The beam structure and skins are all composite as well, and the rotor blades are a combination of new airfoils, taper and a modification of the tip deflection of the blade, he explained.

The altitude testing on the aircraft is done in a test chamber and an important requirement for the endurance testing is to get 100 hours of flying on the aircraft on the ground before it takes its first flight in the air.

“In parallel to the first flight, we will continue to run the ground test vehicle so that if there are any issues that may come up we find them on the ground vehicle before we find them on the aircraft. Earlier you discover things, you can more affordably address them,” Vanderborght added.

Overall, the Marine Corps plans to build as many as 200 CH-53K helicopters at an approximate price of about $70 million per aircraft. The Corps plans to have a fully operational fleet of CH 53K helicopters by 2028 in order to serve out through the 2050s. The aircraft is slated to enter production in 2016.

“The CH 53K represents is not just the continuation of heavy lift capability but really a transformation of what we are going to be able to do. It is going to ensure that the Marine Corps remains our most ready force,” said Purcell.

Afghanistan

He described a potential scenario in Afghanistan to illustrate the expected value of the CH-53K. With today’s current CH-53E heavy lift helicopter, pilots would need to fly three separate missions to deliver 9,000-pounds of supplies to three different forward operating base 30, 60 and 90 miles away – each time returning to get fuel.

“In a CH-53K you will be able to do that mission with a triple hook system attaching three different cargo loads to three different hooks on the aircraft,” he said.

The CH-53K is also being developed with what’s called a “split-torque” configuration, Torok explained. A split-torque transmission design transfers high-power, high-speed engine output to lower-speed, high-torque rotor drive in a weight efficient manner.

Split torque allows the helicopter to operate with more power without necessarily adding weight to the design.

“With the split torque you take the high-speed inputs from the engine and you divide it up into multiple pieces with multiple gear sets that run in parallel.
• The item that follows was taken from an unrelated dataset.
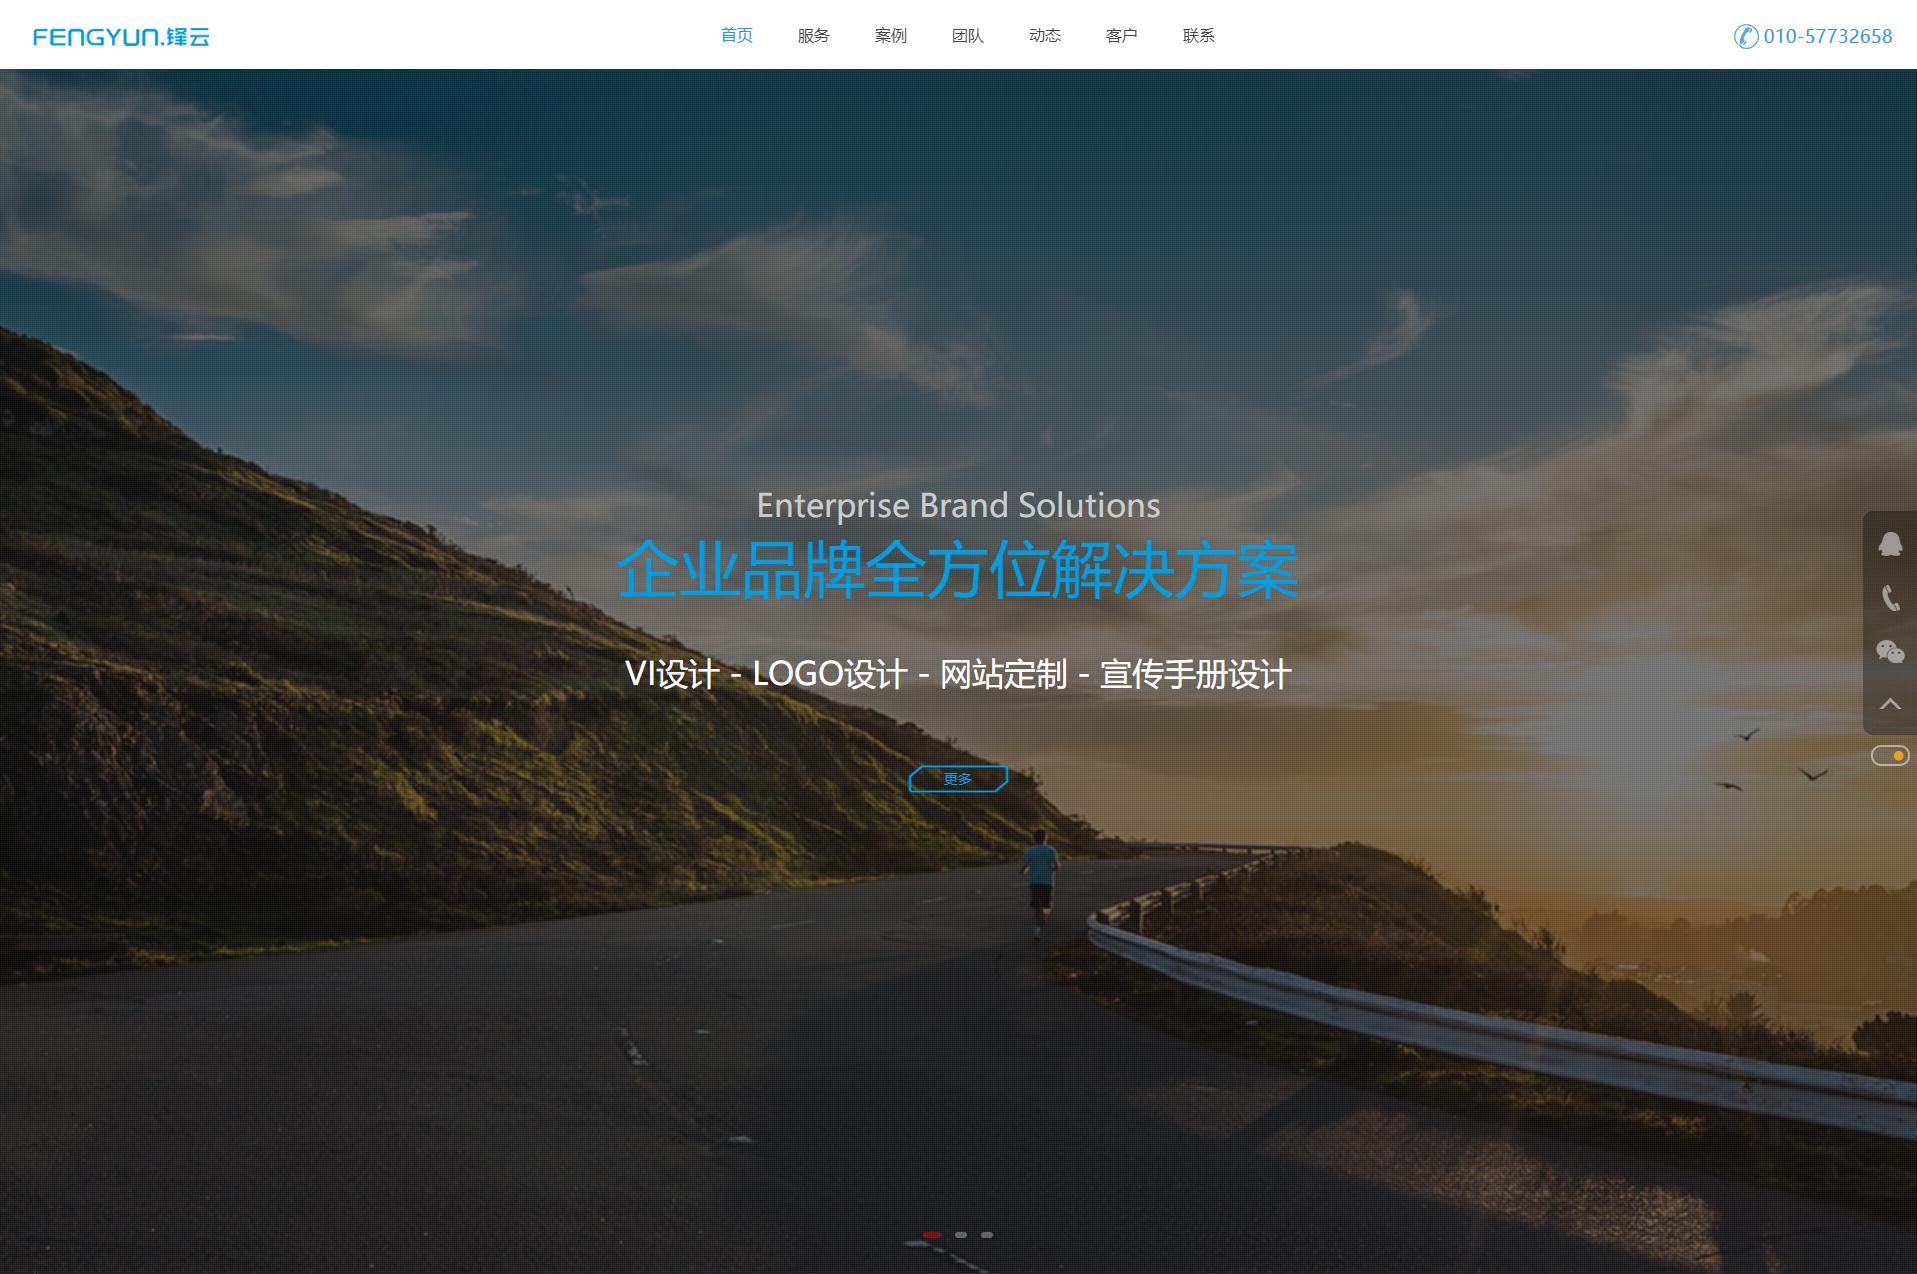 HTML5网络技术公司网站模板插图

As you split that, you can keep the amount of torque running through any path less and because you do that you can keep the weight that is needed to support that less,” Torok said.  “The other benefit of having that multiple path is it is redundancy if it is hit by a threat it is safer redundancy built in.”
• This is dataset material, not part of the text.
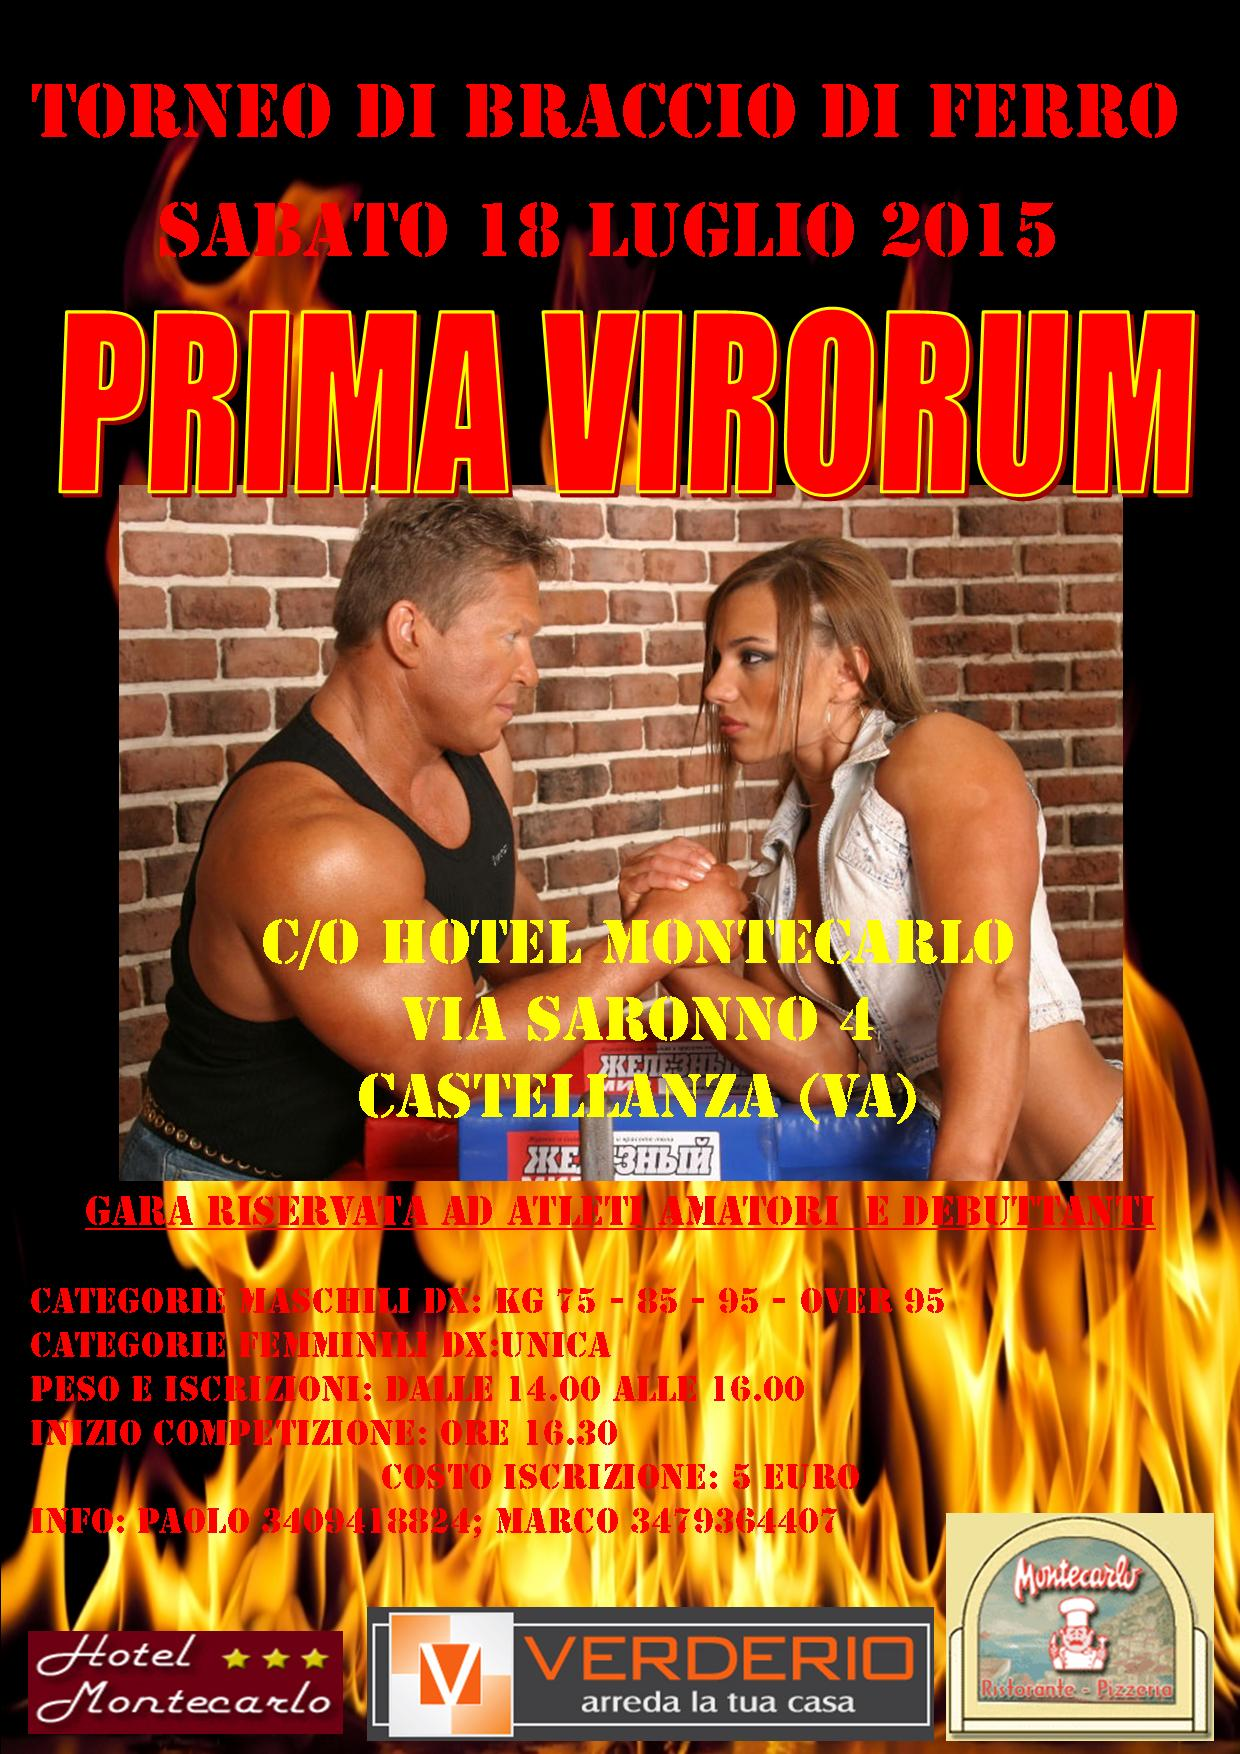 Prima Virorum 2015

The helicopter will also be configured with Directional Infrared Countermeasures, or DIRCM, a high-tech laser-jammer designed to throw incoming missiles off course.

The K model will be a “fly by wire” capable helicopter and also use the latest in what’s called conditioned-based maintenance, a method wherein diagnostic sensors are put in place to monitor systems on the aircraft in order to better predict and avert points of mechanical failure, Corps official said.